Oh and feel free to give away any advice. I have been snooping around the forums here, harrassing my friends at the base and ask away my questions but what I could more of trainning suggestions...
Thanks!!

**If you don't stand behind our troops then feel free to stand in front of them!


----------



## Pusser (16 Feb 2012)

I don't know why everyone gets so worked up over chin-ups.  There is NO requirement to be able to do chin-ups in the CF, unless it is a personal goal,  if you want to jump out of serviceable aircraft or perhaps for Special Forces (I'm not sure on that one).  For everyone else, the ExPres Test is fine and the only strength tests are push-ups, sit-ups and the grip test.


----------



## aesop081 (16 Feb 2012)

Pusser said:
			
		

> I don't know why everyone gets so worked up over chin-ups.

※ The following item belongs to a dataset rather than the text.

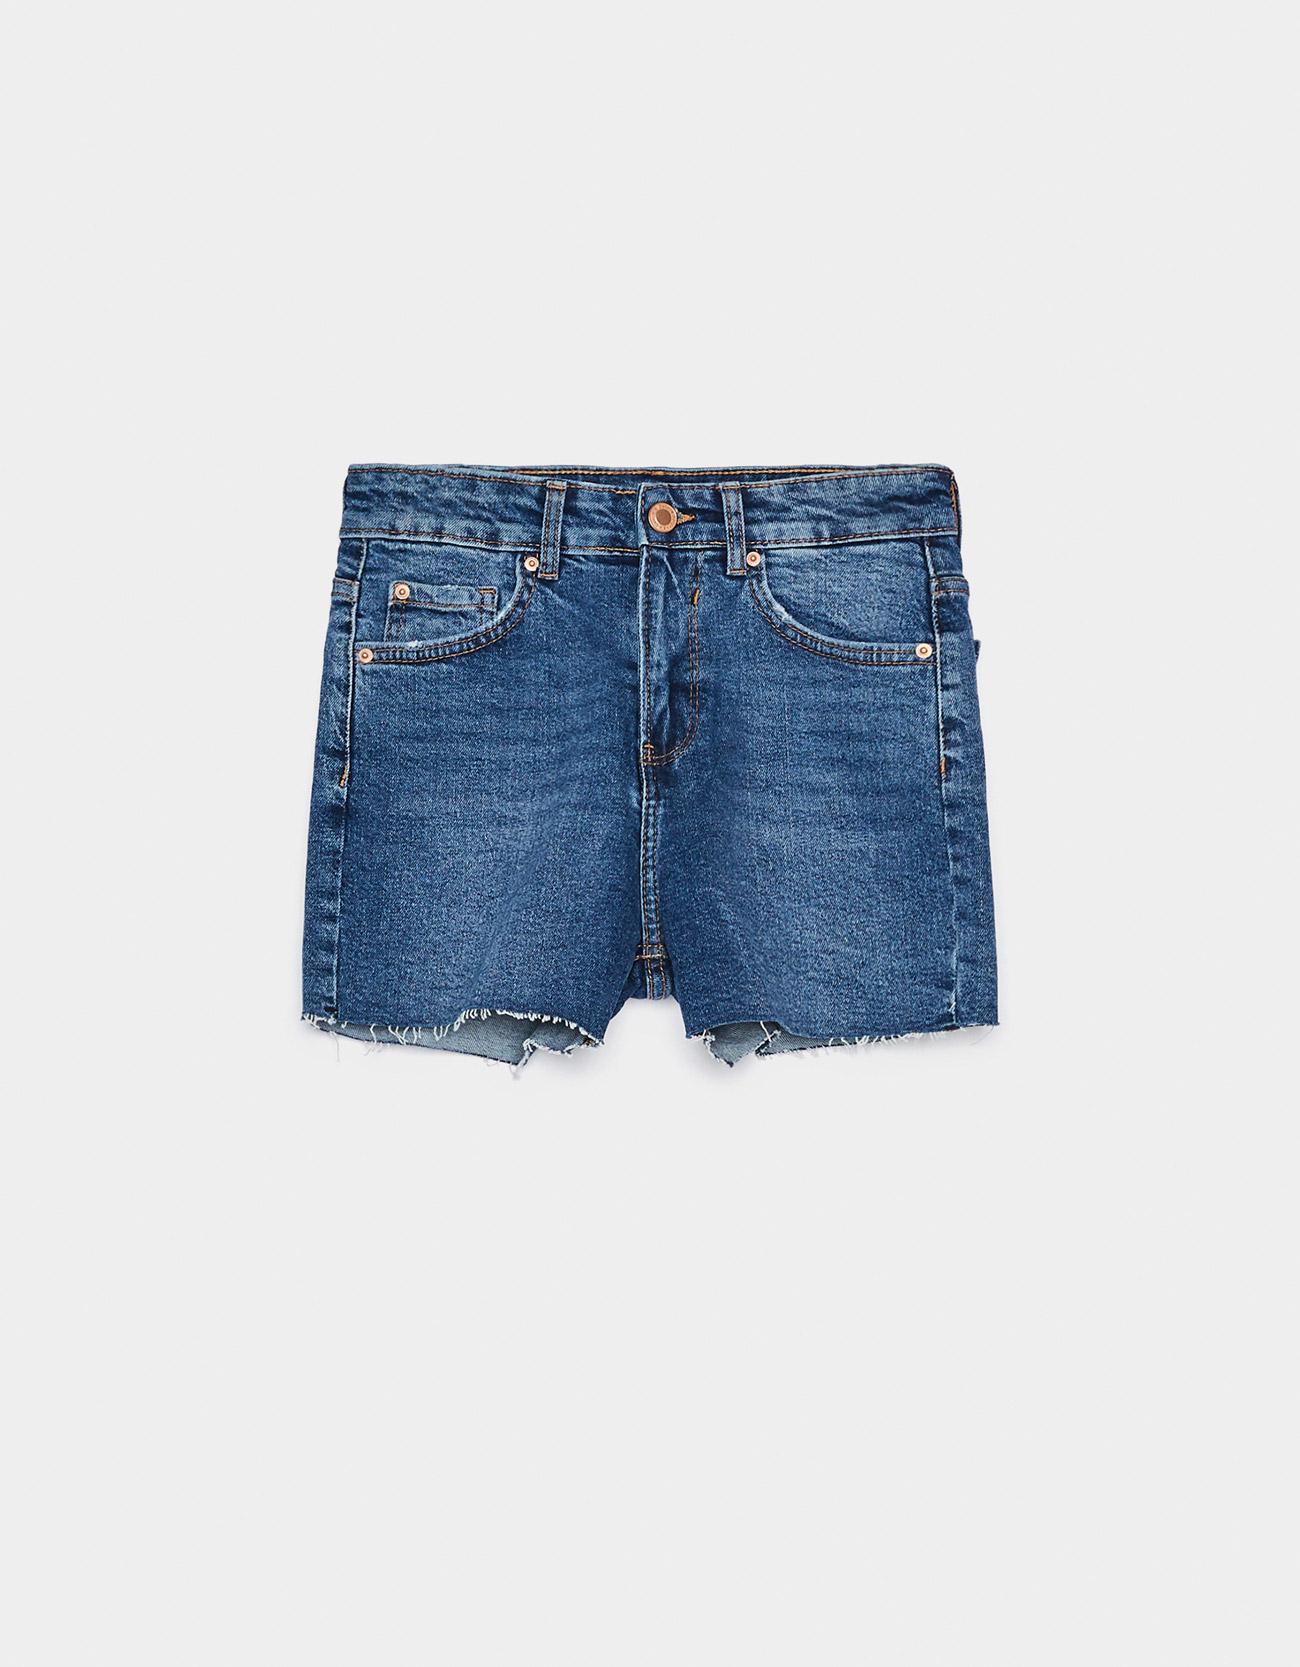 Базовые джинсовые шорты СИНИЙ Bershka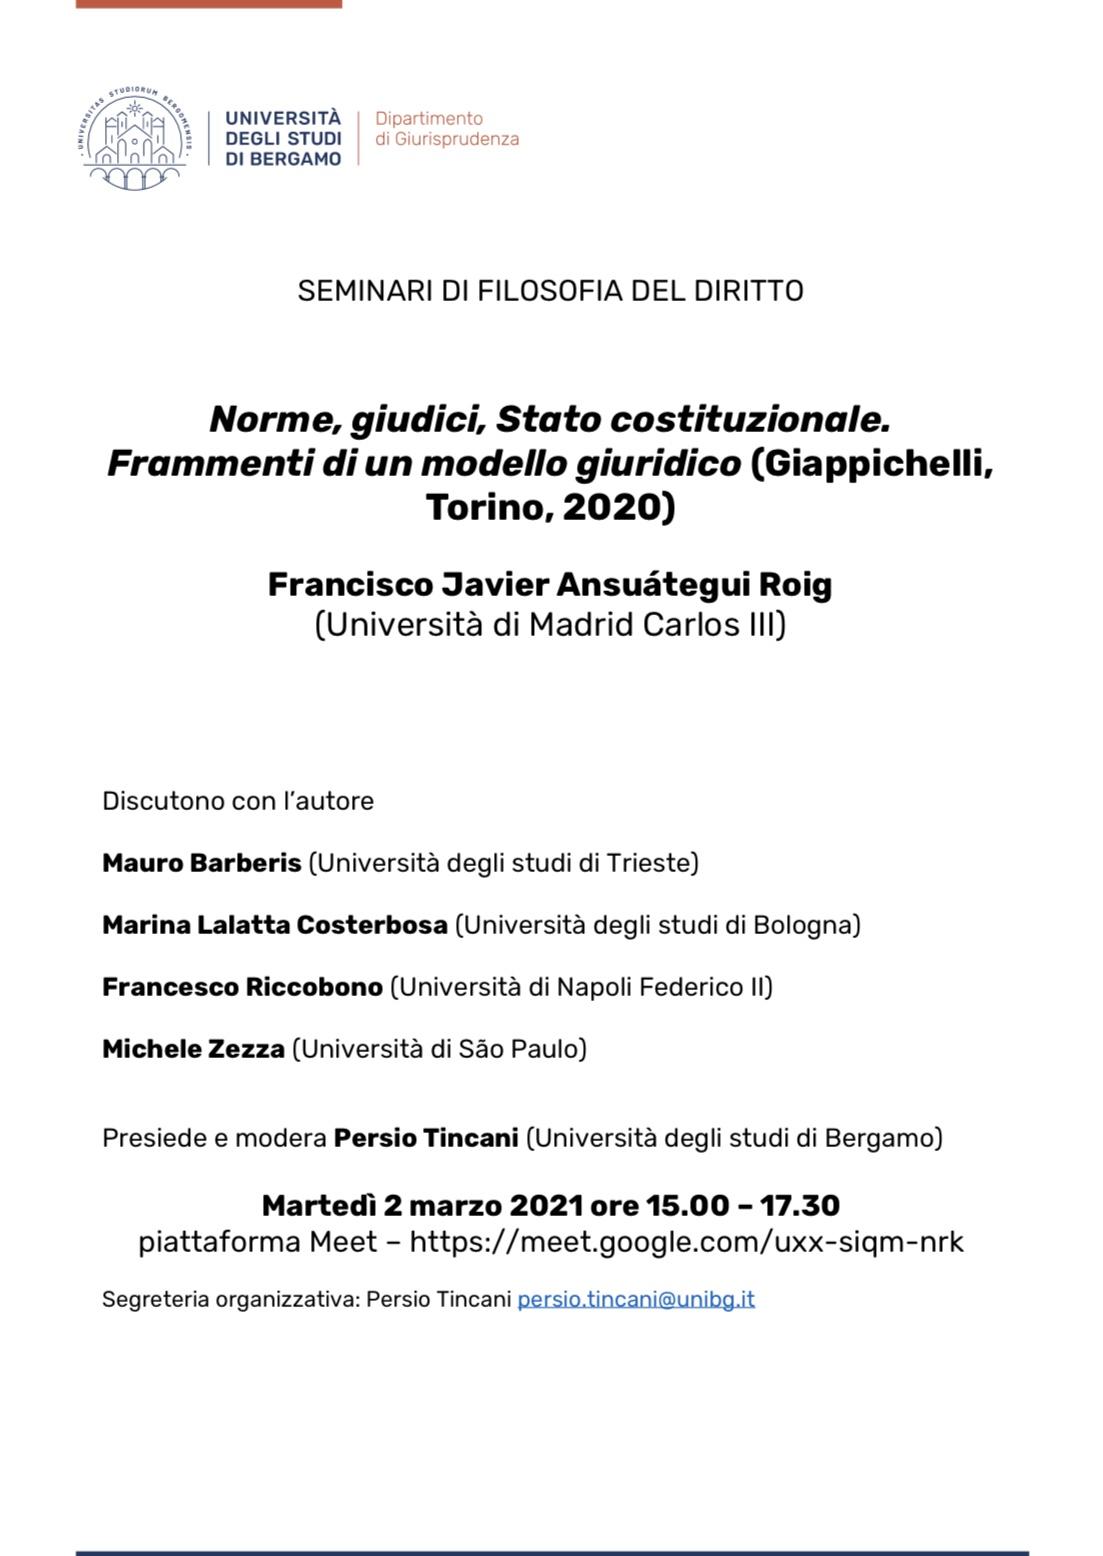 """Michele Zezza discussant nel Seminario su """"Norme, giudici, Stato costituzionale. Frammenti di un modello giuridico"""" (Università di Bergamo)"""

Nowhere in her post is she getting "worked up" over chinups.


----------



## Maxadia (16 Feb 2012)

If I were you, looking at some of the wait times that people have posted, apply now.  

As for training, perhaps trying this might help in the short term:

http://well.blogs.nytimes.com/2012/02/15/how-1-minute-intervals-can-improve-our-health/


----------



## Occam (16 Feb 2012)

CDN Aviator said:
			
		

> Nowhere in her post is she getting "worked up" over chinups.



Well, she did say 



> I will consider myself ready to join when i can do my 9 push ups, plenty of chin up  and a good run  without trowing up my last meal



which would imply that if she can't do plenty of chin ups, she wouldn't consider herself ready to join - which is an incorrect assumption, as Pusser points out.  I'd call that getting worked up over the wrong thing.


----------



## aesop081 (16 Feb 2012)

Occam said:
			
		

> I'd call that getting worked up over the wrong thing.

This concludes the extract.